As an open-enrollment college, Metro's mission has traditionally been to give inner-city residents access to a four-year higher-education experience. The school has a minority enrollment of 4,800 students, or 24 percent of its entire student population.
But Jordan and Metro's board hoped then, and still do, to double the Latino enrollment to 25 percent and have the college designated by the federal government as a "Hispanic Serving Institution." This would also make Metro eligible for millions of dollars in grants set aside by all federal agencies.
Jordan outlined his argument in a July op-ed piece in the Rocky Mountain News, pointing out that "the University of Texas-Pan American in Edinburg, Texas, received $2 million from the Department of Energy and $6 million from other federal agencies."

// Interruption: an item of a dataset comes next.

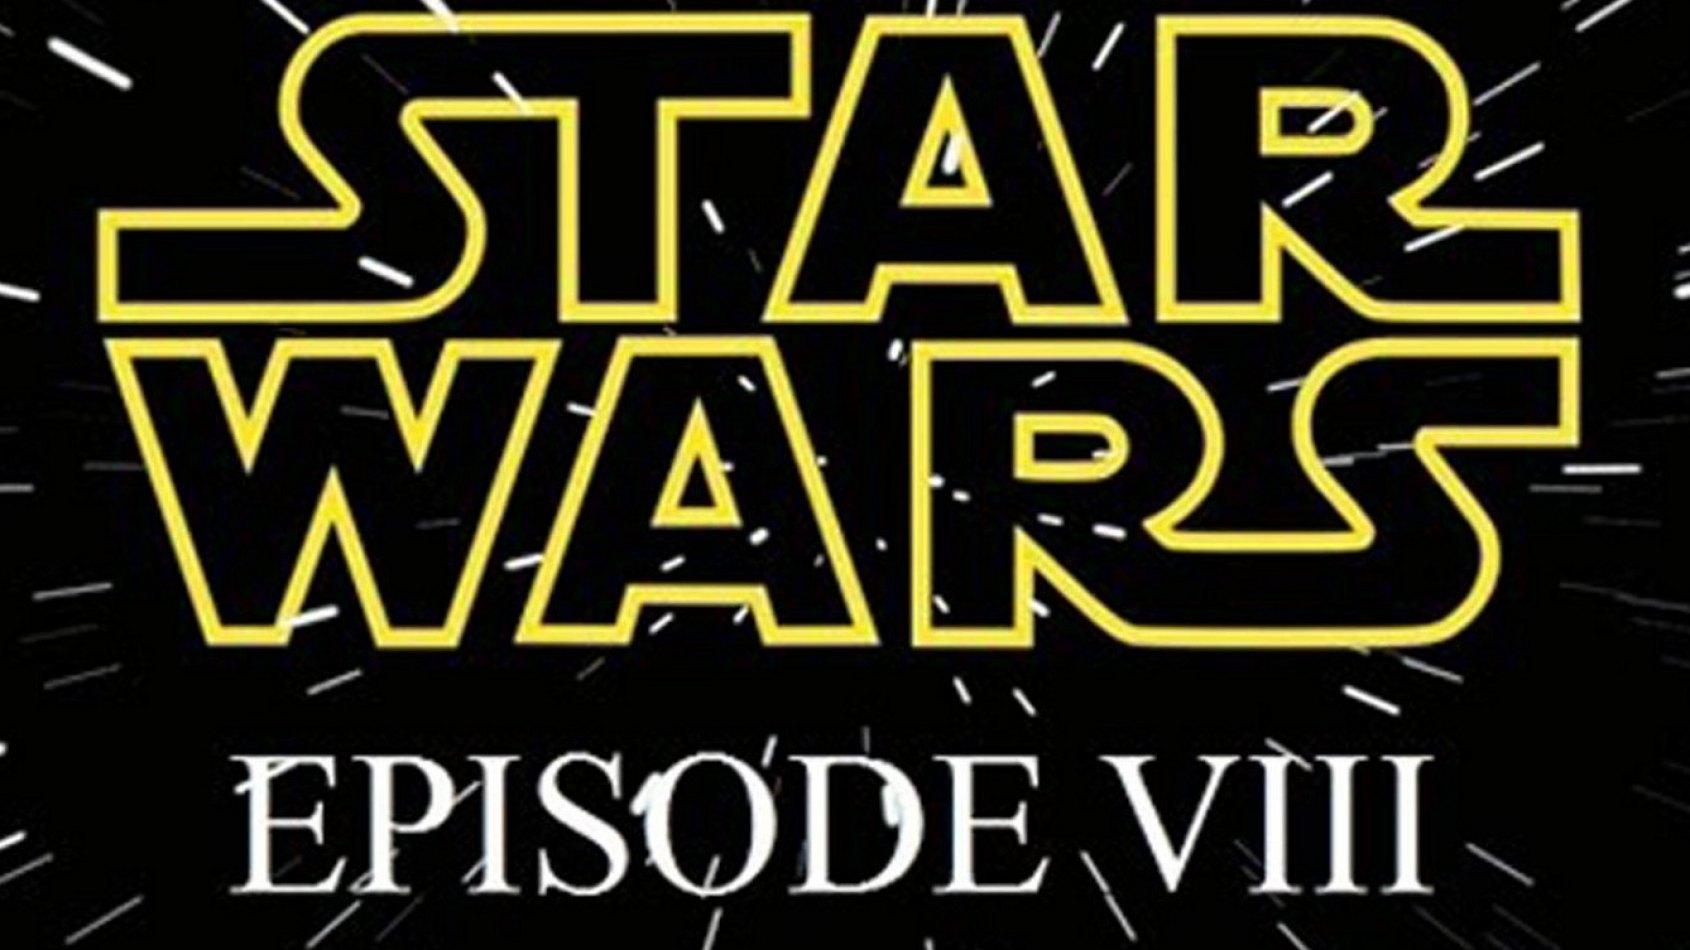 Le script d'Episode VIII aurait été modifié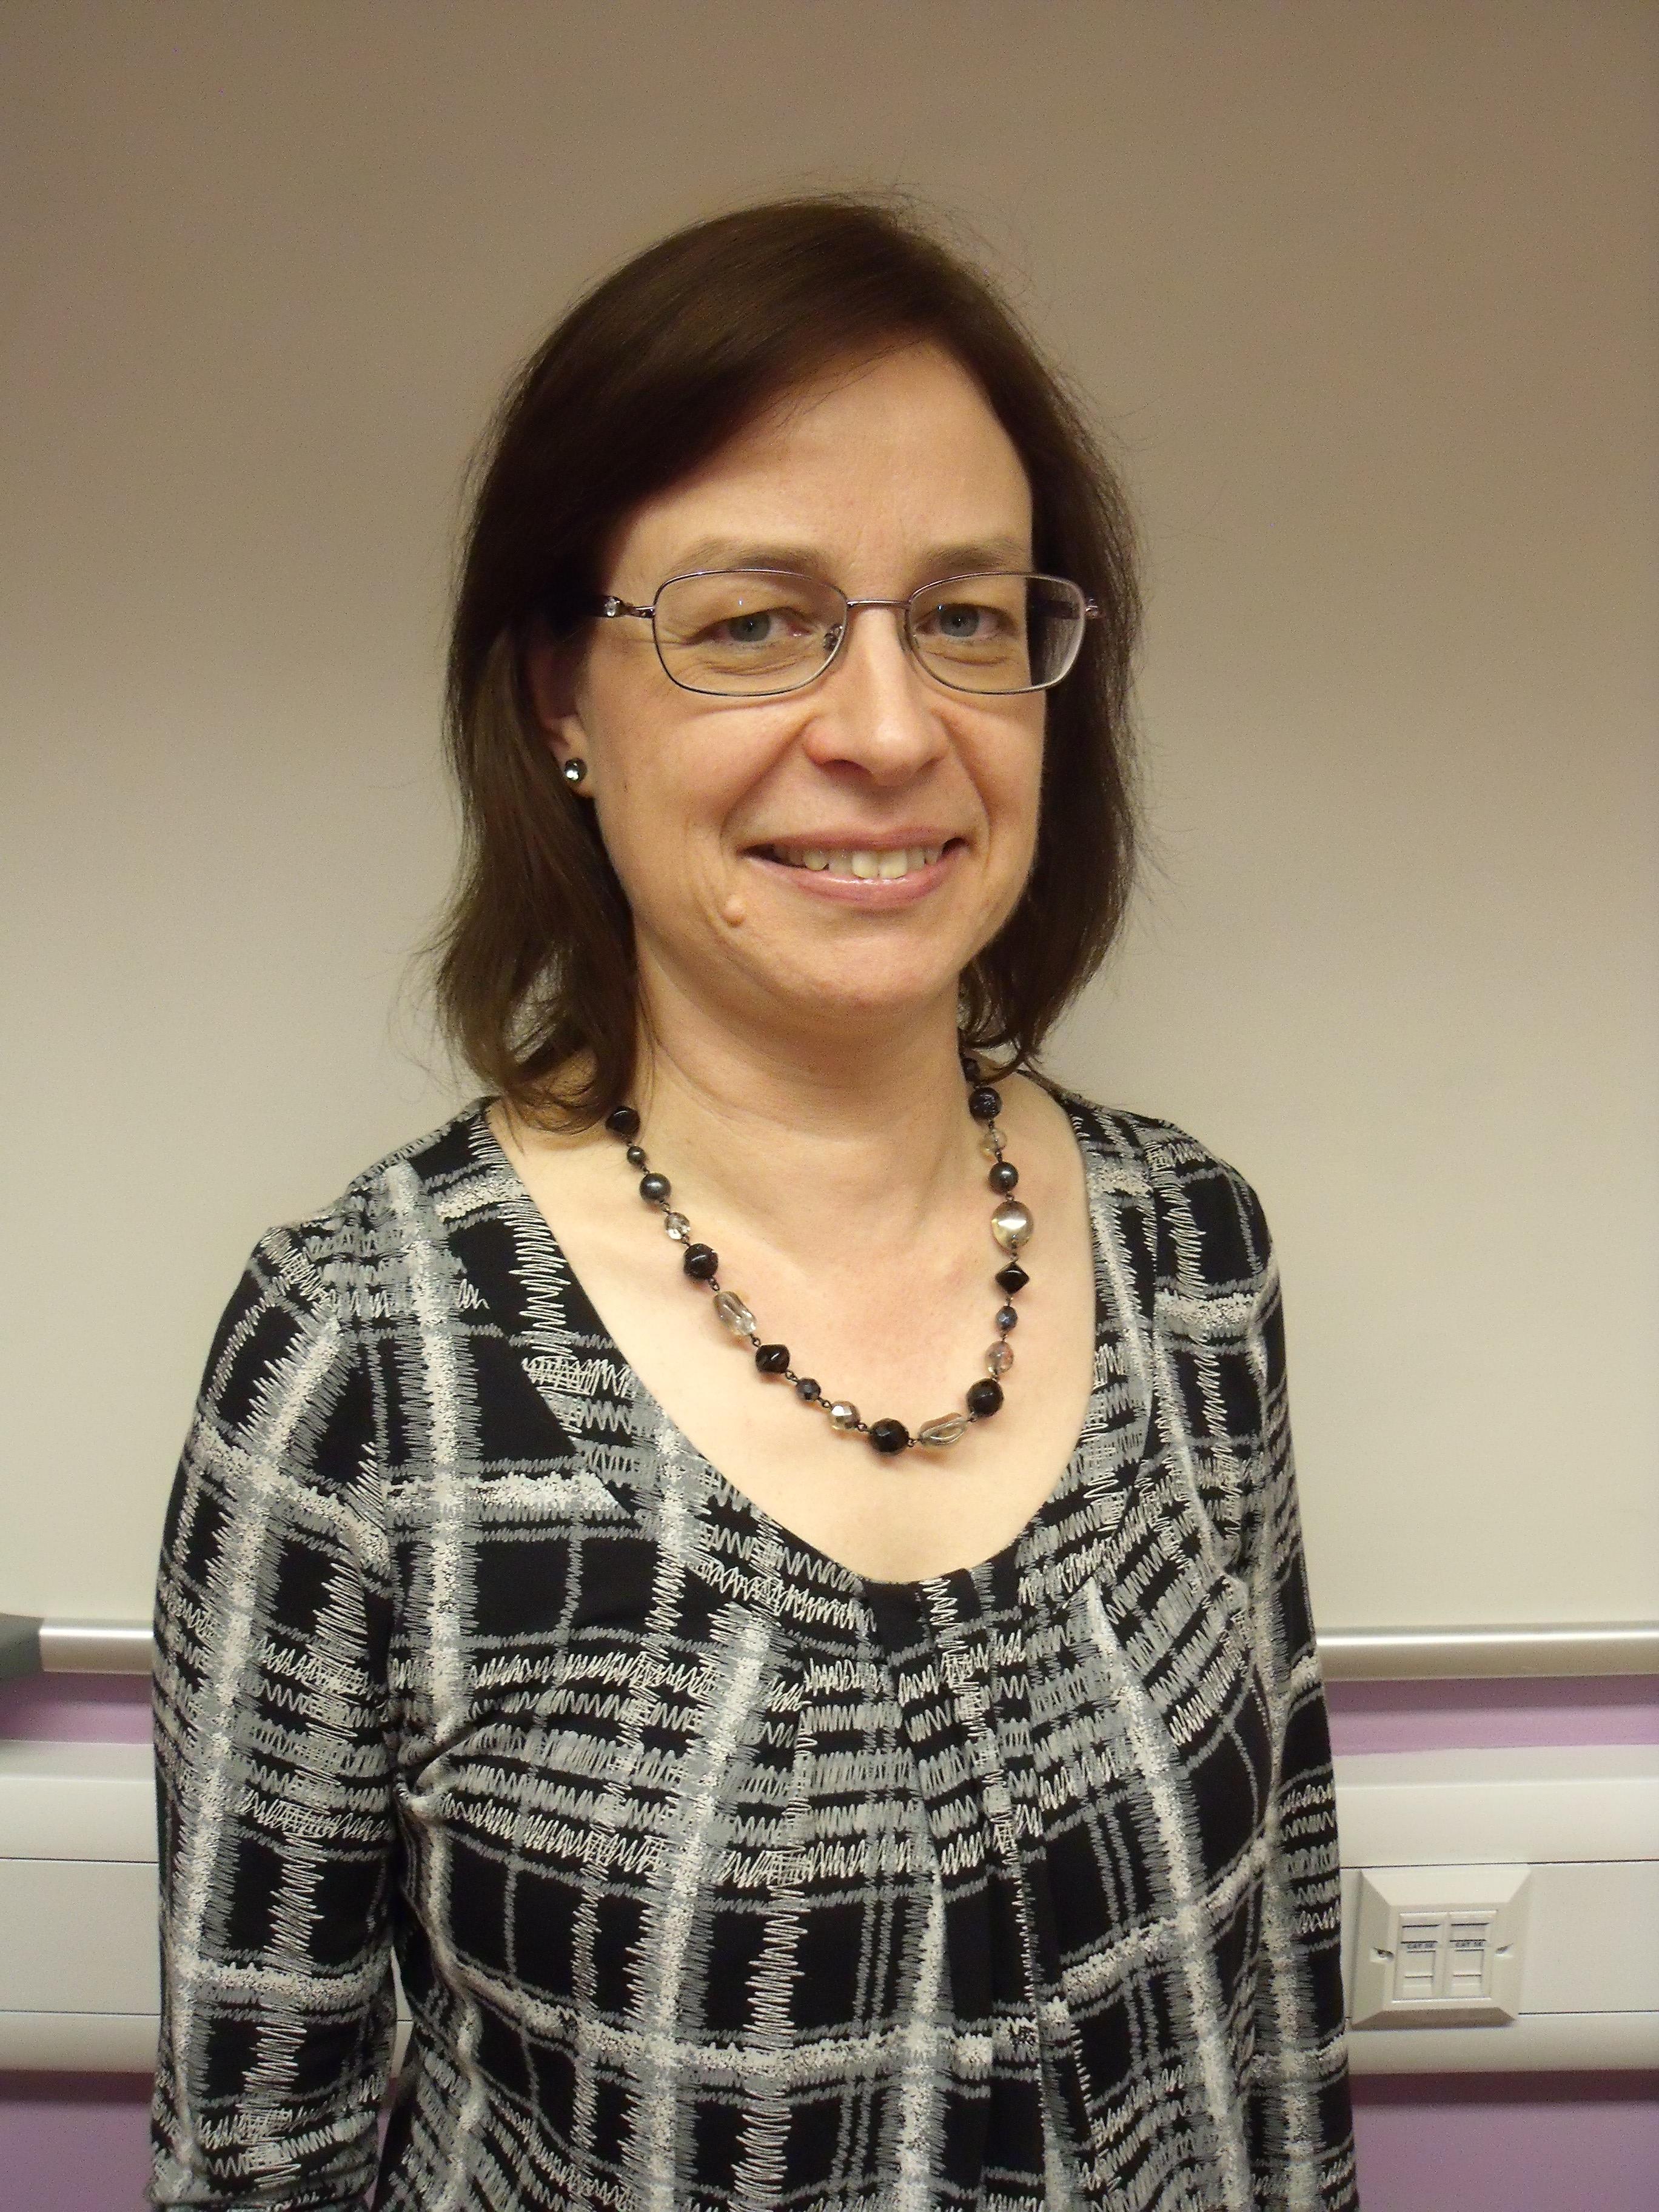 Debbie Jolliff

The University of Texas-Pan American was where Rocha had previously held the position of Dean of Arts and Sciences. As a first-generation college graduate who'd worked his way through the academic ranks, Rocha seemed the perfect fit for Metro's ambitions. And his credentials as a Mexican history scholar who was deeply involved with the Hispanic community were likely to draw more Latino students to Metro.
Jordan won't discuss Rocha's medical leave or the complaints surrounding him. But he insists that Rocha's hiring was based purely on his accomplishments. "We were looking for the best candidate, and Dr. Rocha came up within that search process as an individual with an extremely high set of credentials," he says.
What apparently didn't show up in what Jordan calls Metro's "rigorous" vetting was the fact that in January 2005, Rocha was abruptly removed from his dean's position at UTPA — which he'd held for six years — and placed on a semester-long leave in order to "restart [his] engagement in research and teaching," according to a statement at the time from the school's vice president for academic affairs. No other details were provided. According to an article in the Paper of South Texas, Rocha was also the subject of a complaint by UTPA art professor Lenard Brown, who accused Rocha of planning to fire non-Hispanic members of the art department. Brown, who is African-American, no longer works for UTPA.
Somehow, neither of these readily available facts was included in the information presented to Metro students and faculty after Rocha became one of six finalists for the high-profile provost position in Denver.
After he was hired, Rocha immediately stirred anger within the Metro ranks. One situation involved the removal of English professor Renee Ruderman from her twenty-year position as head of a program intended to assist incoming freshmen who lack academic strength. Although Ruderman still works at Metro, the program was scrapped and replaced by a peer-mentoring initiative headed by Rocha's wife.